What to produce —
Write out exactly the lines from the one with "[스타쿠폰] LG 퐁퐁 주방세제 - 상세정보" through the last line of the data below, but not the pictures.

Dataset extract —
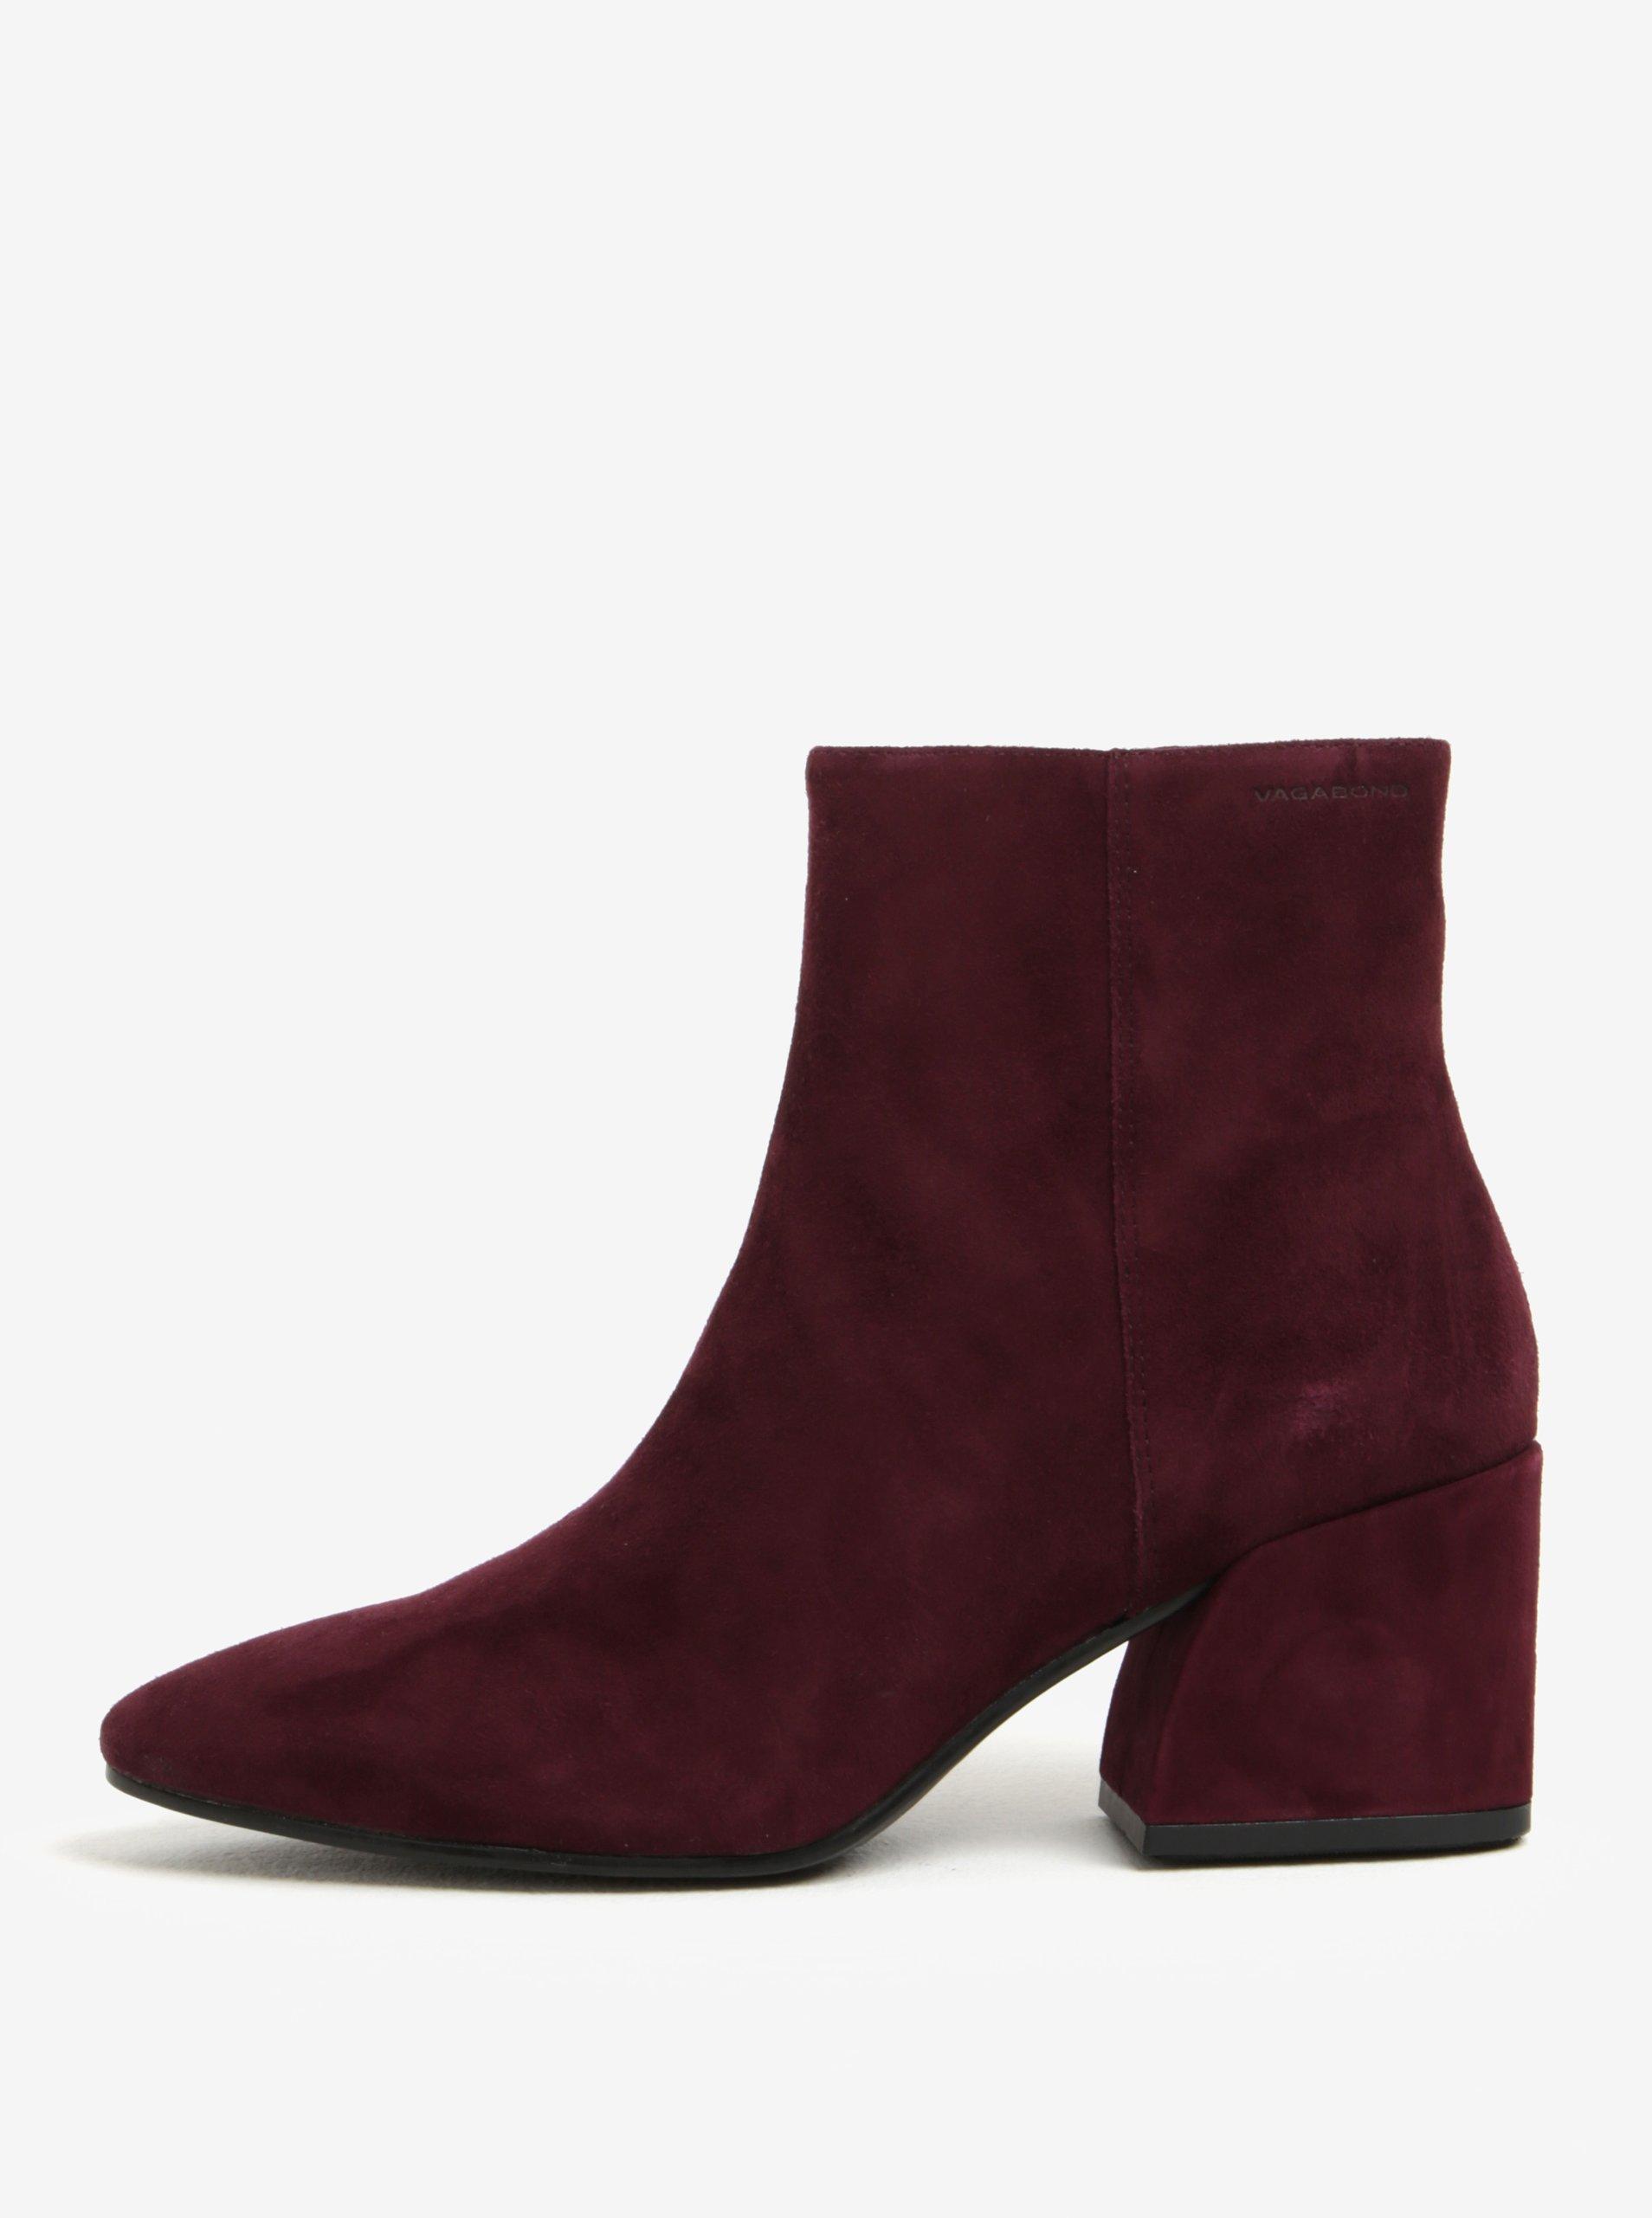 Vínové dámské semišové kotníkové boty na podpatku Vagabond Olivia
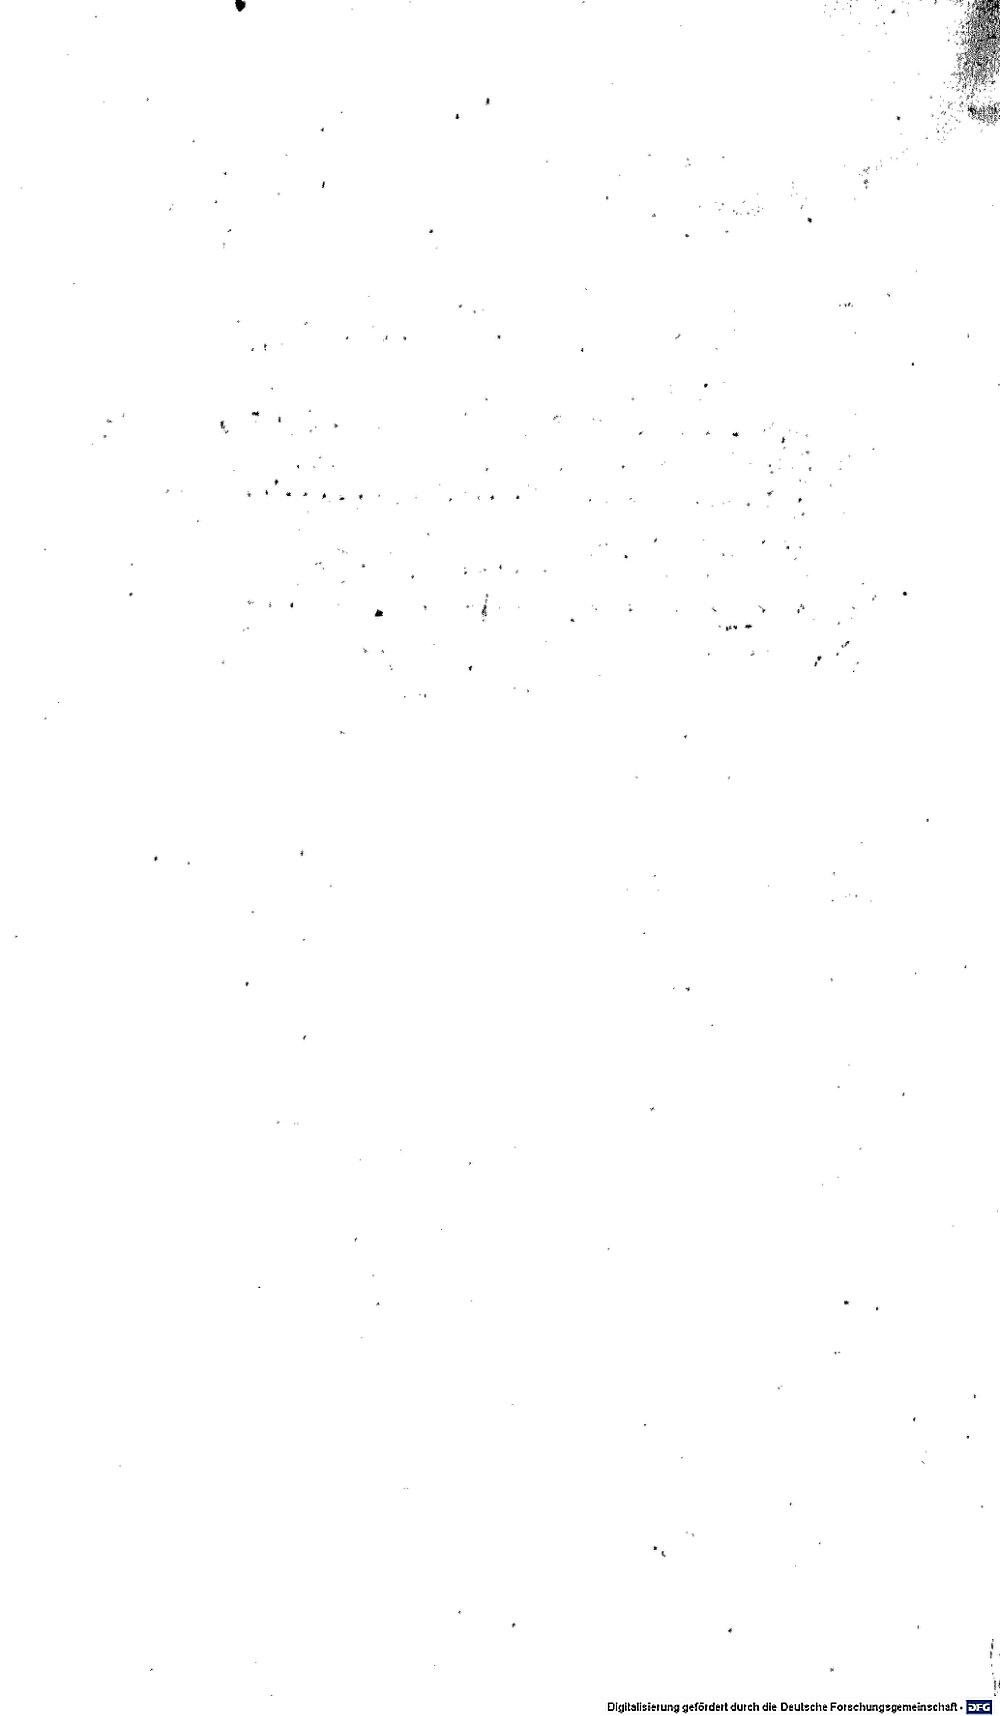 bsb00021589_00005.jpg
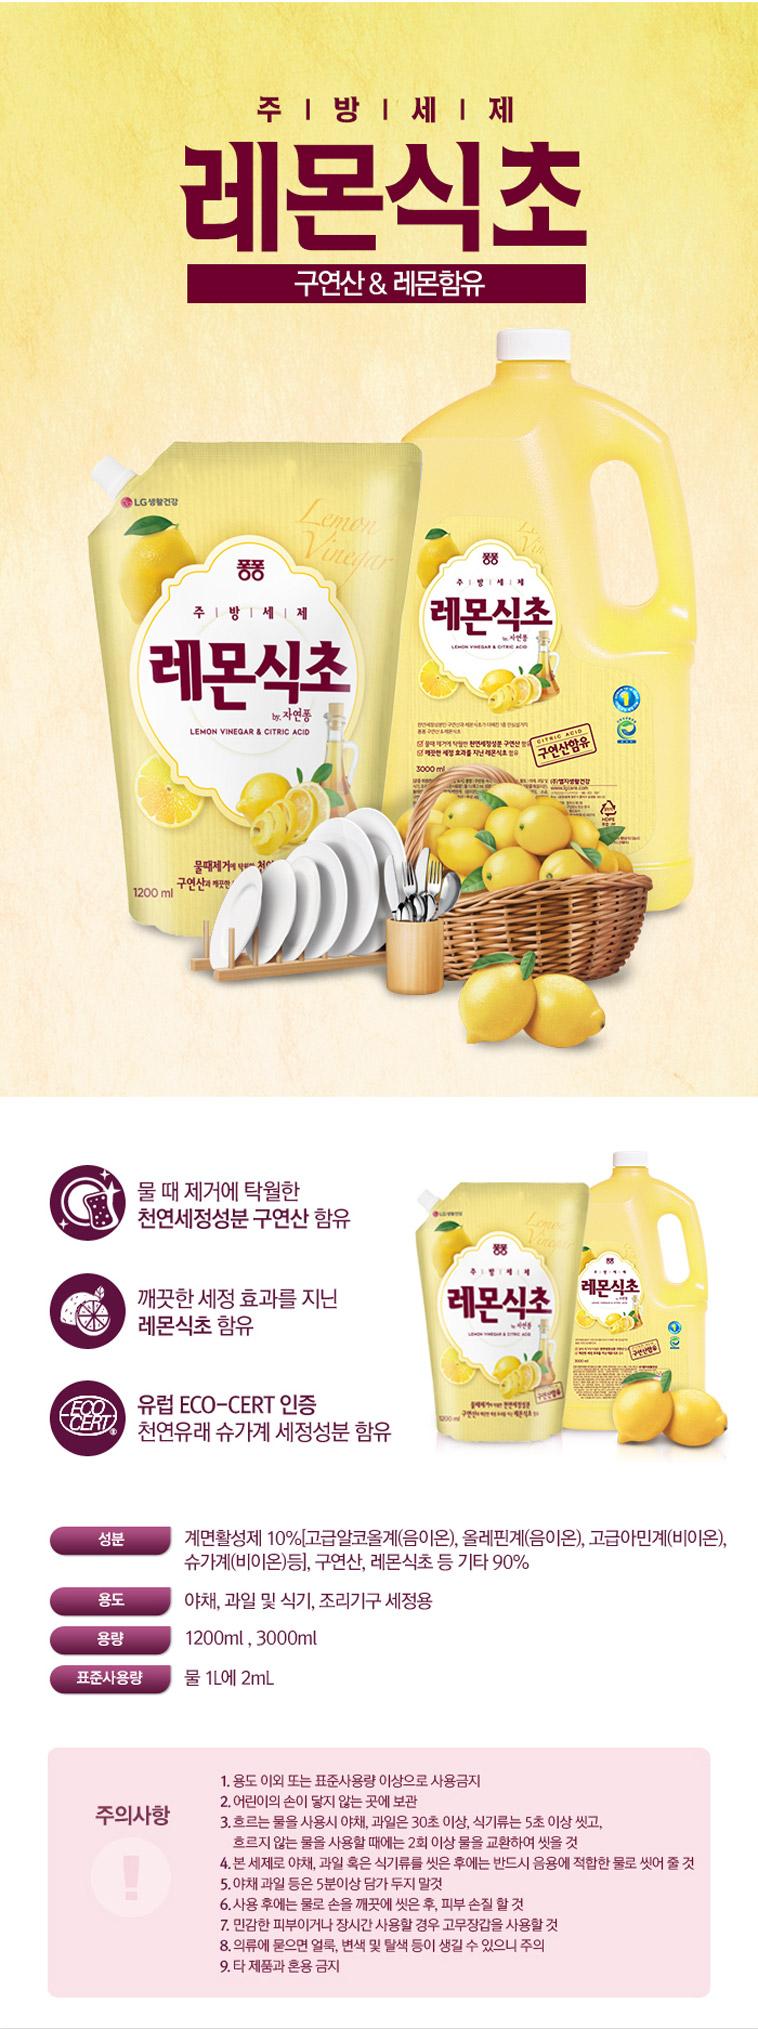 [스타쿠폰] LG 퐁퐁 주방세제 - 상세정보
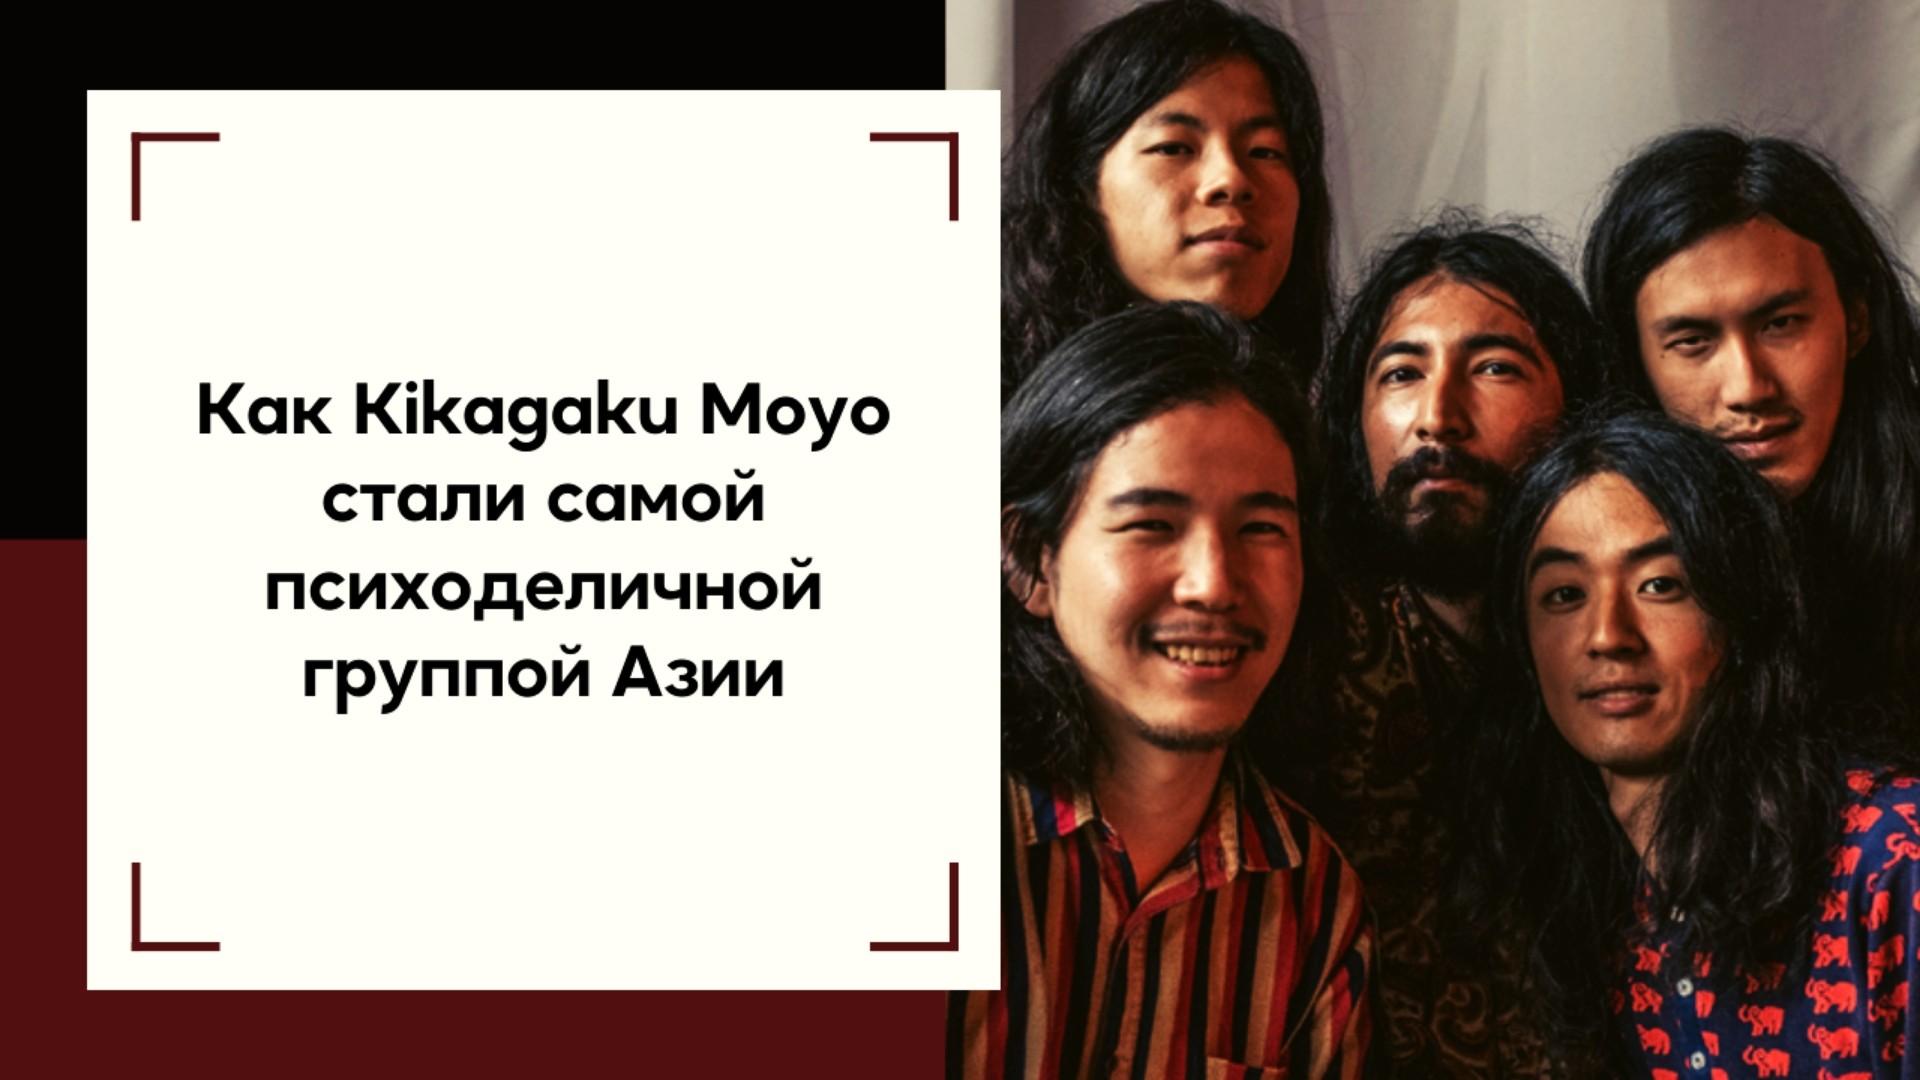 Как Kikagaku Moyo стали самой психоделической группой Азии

Task output —
 [스타쿠폰] LG 퐁퐁 주방세제 - 상세정보
 Как Kikagaku Moyo стали самой психоделической группой Азии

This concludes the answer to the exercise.